Ms Bukojemsky, now 83, who describe her young self as a tomboy with a love of Enid Blyton books added: "I wanted to live there forever."
Without tickets they managed to take a ten hour train journey to Inverness.
"Not once did the ticket inspectors say to the assembled passengers, who is with this lad," recalled Mr Richardson.
After a ferry ride to Lewis, they were faced with a potential 16 mile walk to their gran's - and began asking locals the way to Tolsta.
But one charitable local woman would not have them walking, and helped them on the last leg of their journey with the bus fare money.
"She said, 'you're not walking all that way'. She went into her house, and she came out and gave us half a crown, two shillings and sixpence, enough for our fare," said Mr Richardson.
"She then stops a bus, the last bus from Stornoway into the village."
Ms Bukojemsky added: "Yeah, I think someone was watching over us, for sure."
Thirty hours after they ran away, the twosome finally arrived at their idea of heaven, their mother's native village of Tolsta.
The children were greeted by their gran and what Mr Richardson described as a "Cheshire cat smile". He added: "Everything was forgiven, brilliant."
Their antics were even rewarded with a three week stay - exactly what they wanted all along.

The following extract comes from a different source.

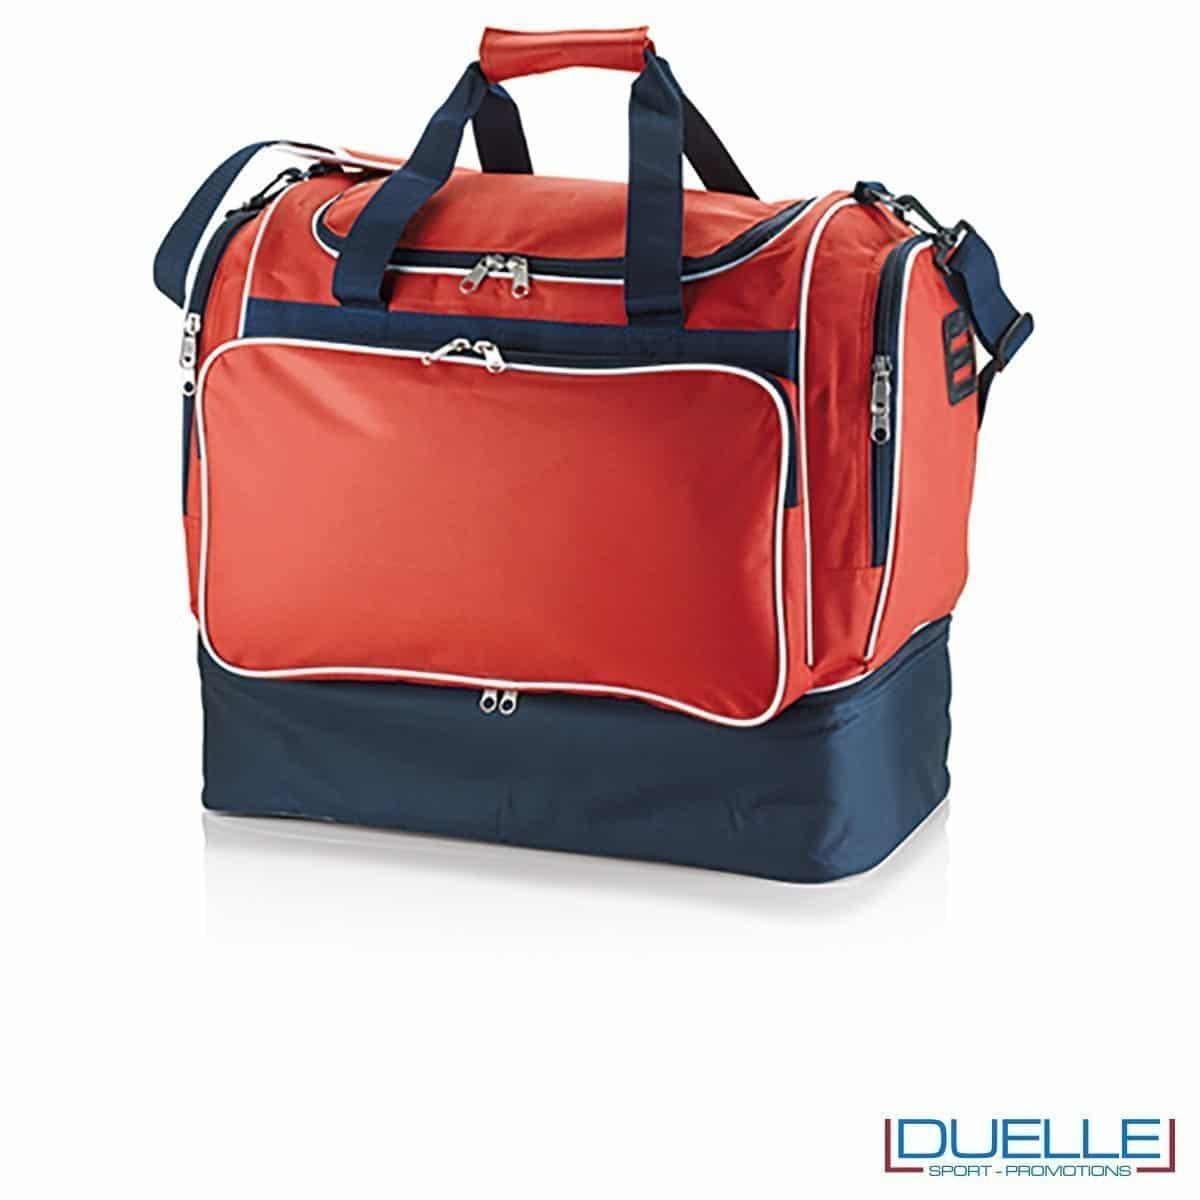 borsone calcio personalizzato colore rosso, borsoni calcio promozionali personalizzabili rossi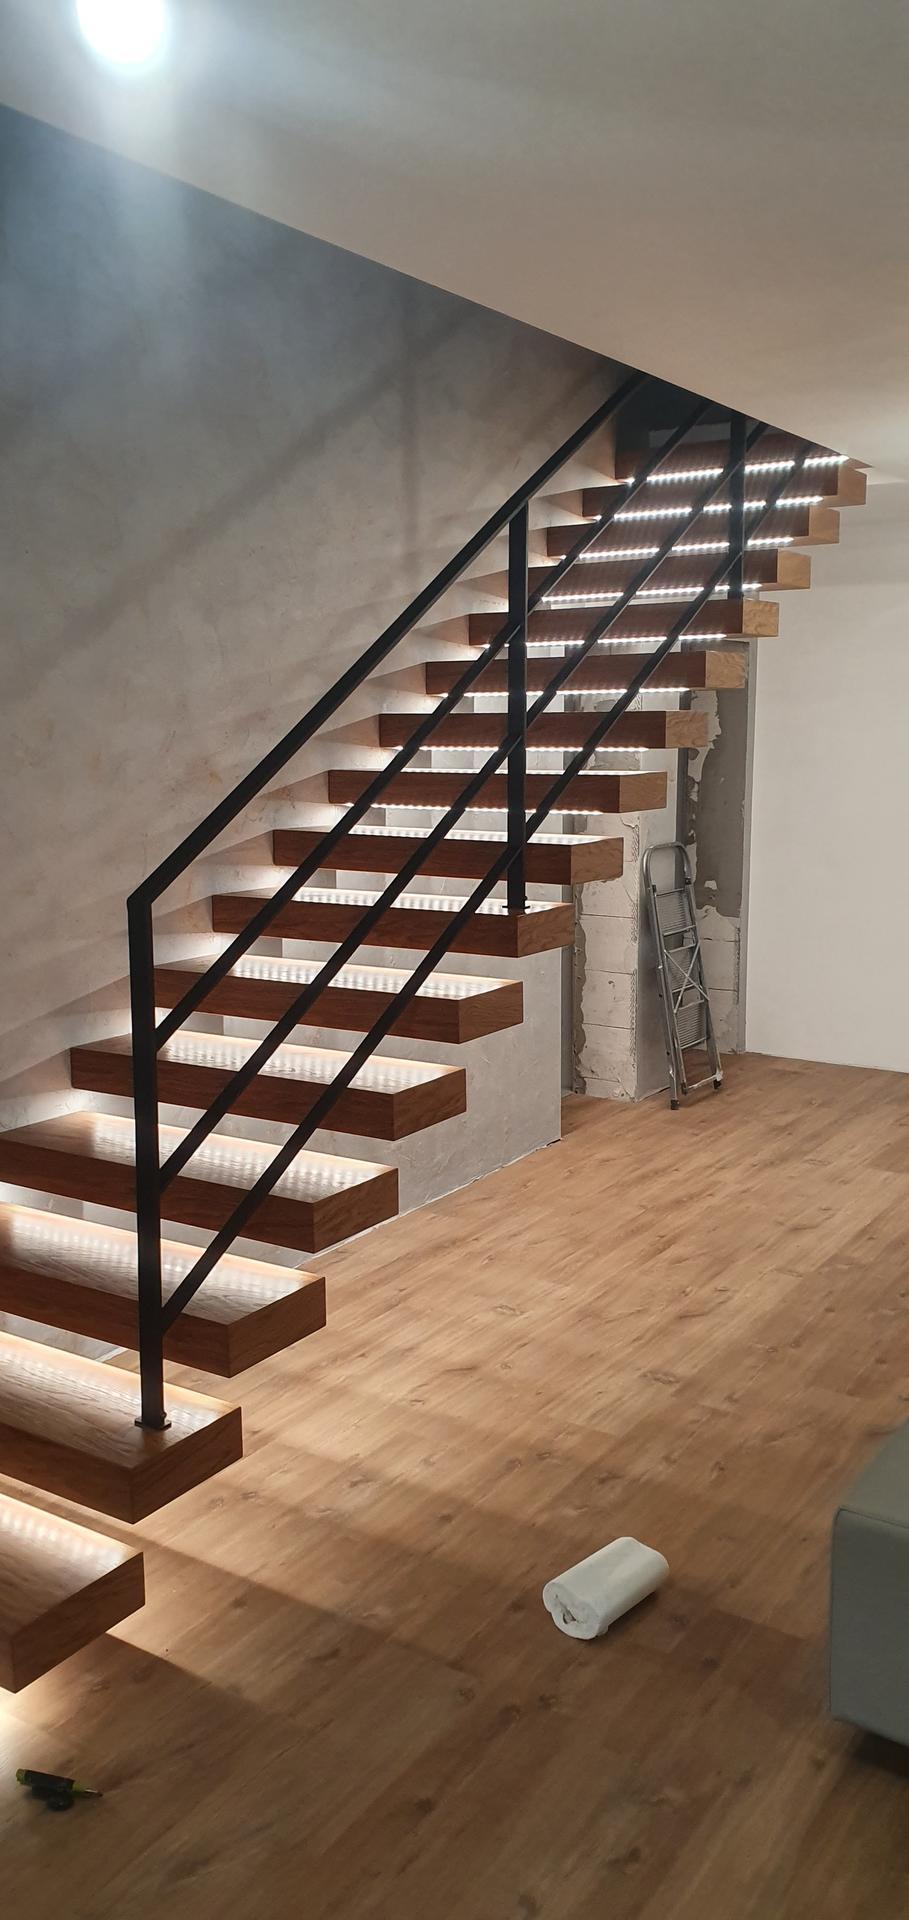 Konzolove schodisko (samonosne schody) - Obrázok č. 1

In Hitchin, anxious parents Sydney and Mary, were relieved to hear by telegram that the children were safe and sound with family.
But the story of their escaped would appear in newspapers across the country.
"That's when the fun started," said Ms Bukojemsky. Mr Richardson, a former journalist who now lives in the north of England added: "It was quite fascinating, the juxtaposition of important events in the world, and then these two children."
A new BBC Alba documentary Two Go to Tolsta, which will screen on Hogmanay, also hears from members of the community who recall the novelty of the English children arriving by themselves in the village, and piling in with the local youngsters for long days of fun down on the shore.
Ms Bukojemsky, whose last visit to Tolsta was in 1999, recalls: “It was so exciting for us. Milking the cows and fetching water from the well. My grandfather reading the Bible by the light of the tilly lamp. And swimming in that ice cold water! It was wild, and free, and magical.”
When the holiday was over they made the return journey to Hertfordshire, both fully ticketed and with a stuffed purse.
Islanders had showered them with pocket money, impressed by what they had pulled off.
In Ms Bukojemsky's words: "We were mini celebrities.
"We ended up with £20, which was a lot of money in those days and we never did use our sixpence and three farthings.
"But for me I didn't want it to be a holiday... I was going to stay there, I was going to live in Tolsta. I loved it. That didn't happen, we had to go back home.
"It is still home funnily enough now. We are Scots. From Tolsta."
The documentary comes with a warning to any like-minded children who might be audacious enough to give it a go now – “don’t even think about it!”